Capítulo Dezesseis: A Punição de Xu Yun

Adentrando o Inexplicável Pescador Novato 3064 palavras 2026-01-30 09:25:58

Como uma pessoa moderna e com gostos perfeitamente normais, Xu Yun jamais teria qualquer pensamento impróprio em relação a uma menina de cinco ou seis anos. Afinal, ele não tinha esse tipo de inclinação — pelo contrário, era um convicto admirador de Tifa.

Da mesma forma, também não sentia necessidade de se precaver muito, especialmente ao notar que a menina estava na casa de seu tio novilho, claramente como parte da família.

No entanto, ele jamais poderia imaginar...

A jovem, assim que o encontrou, lançou-se num ataque surpresa, arremessando-lhe uma bola de esterco de vaca?

Pego totalmente de surpresa, Xu Yun acabou sendo atingido em cheio, com o esterco escorrendo por sua cabeça.

Diante dessa cena, William Escudo, que estava ao lado de Xu Yun, empalideceu de imediato.
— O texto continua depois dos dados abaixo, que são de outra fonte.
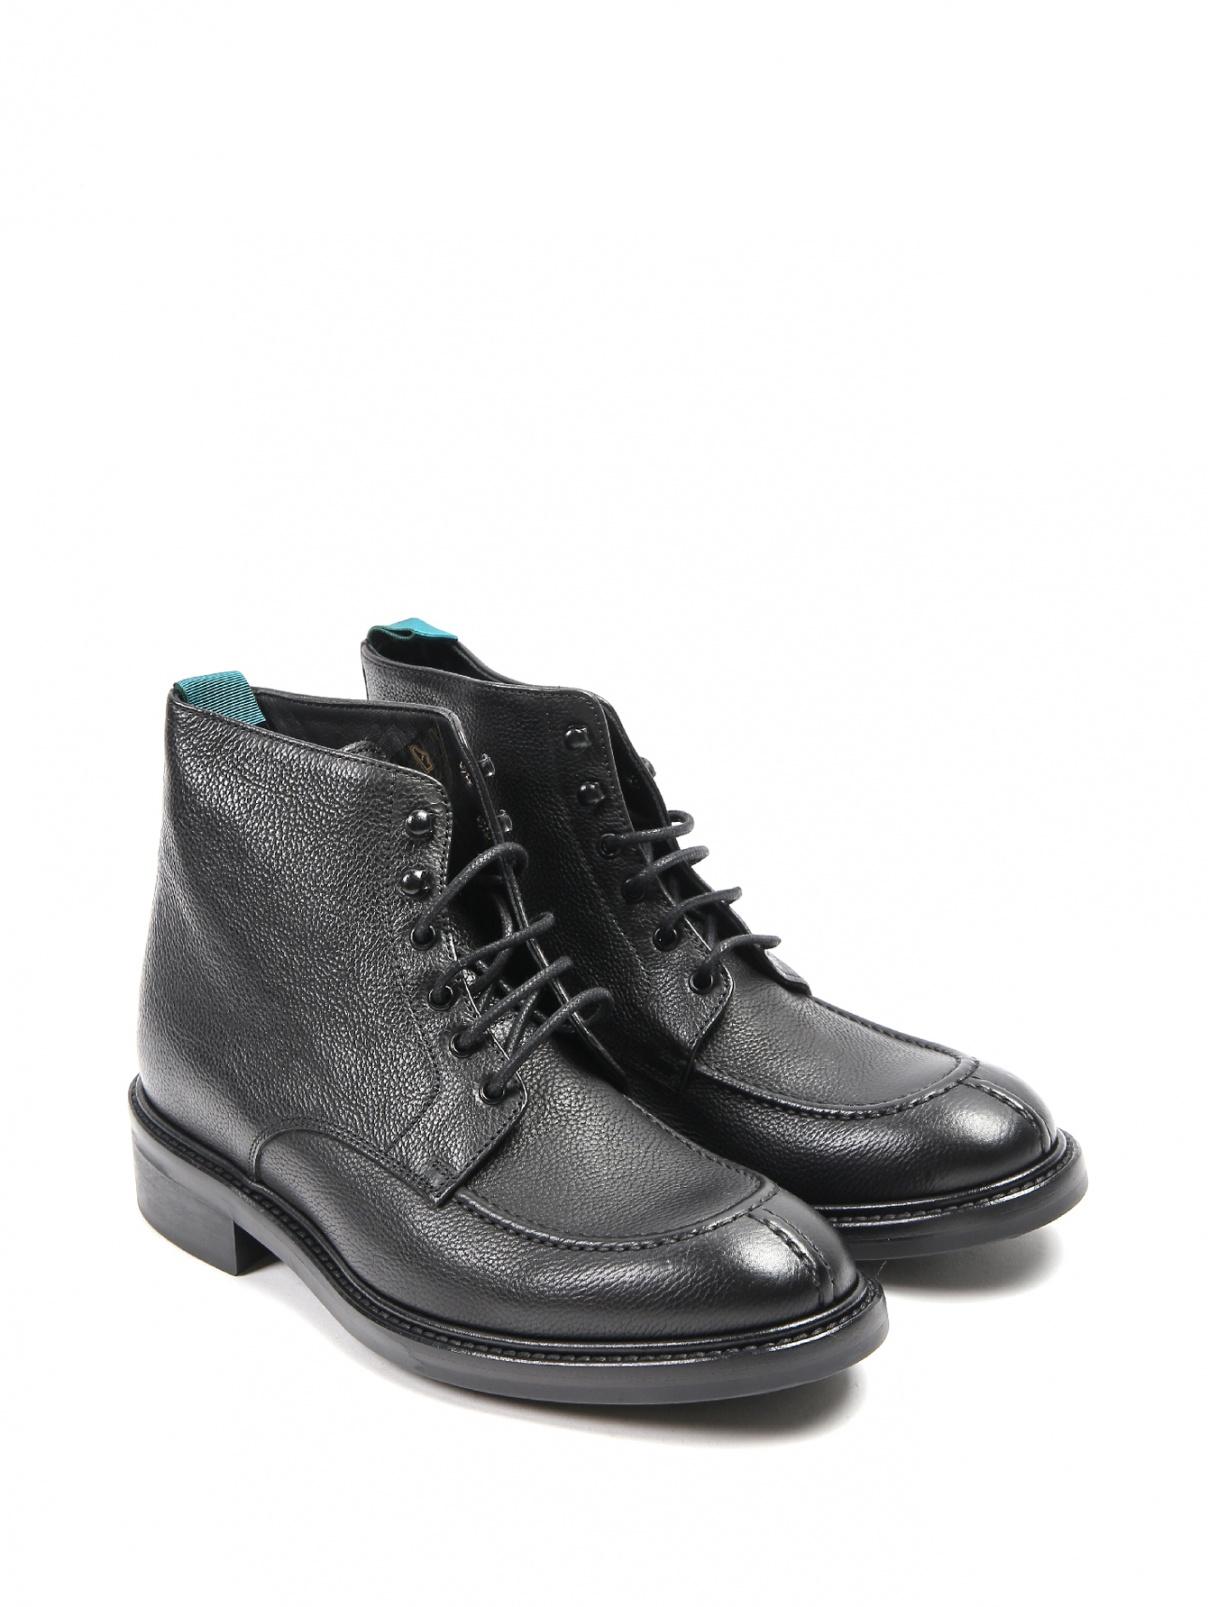 Ботинки кожаные на шнурках Paul Smith  –  Общий вид

Rapidamente, com uma das mãos, tentou ajudar Xu Yun a limpar o esterco, enquanto, com voz estridente e furiosa, exclamou:

— Lira-niiiiii!

Como parente mais próximo e íntimo de Newton — e sem concorrentes nesse posto —, William sabia muito bem o quanto seu sobrinho era socialmente retraído. Se brigas pudessem ser consideradas contatos íntimos, o jovem Novilho seria um verdadeiro conquistador, invicto nos ringues de Lincolnshire. Mas, quando o assunto era amizade verdadeira, Newton não tinha sequer alguém para cumprimentar.

Por isso, ao ver Xu Yun — especialmente ao notar a faixa enrolada na cabeça, cobrindo um ferimento —, a primeira reação de William foi pensar que o sobrinho arrumara confusão com algum filho de nobre e agora vinha acompanhado do desafeto cobrar despesas médicas.

E então, um convidado que mereceria tratamento de honra é recebido com uma bola de esterco na cabeça, cortesia de sua filha mais nova?

Naquele instante, William só conseguia pensar: “Estamos perdidos!”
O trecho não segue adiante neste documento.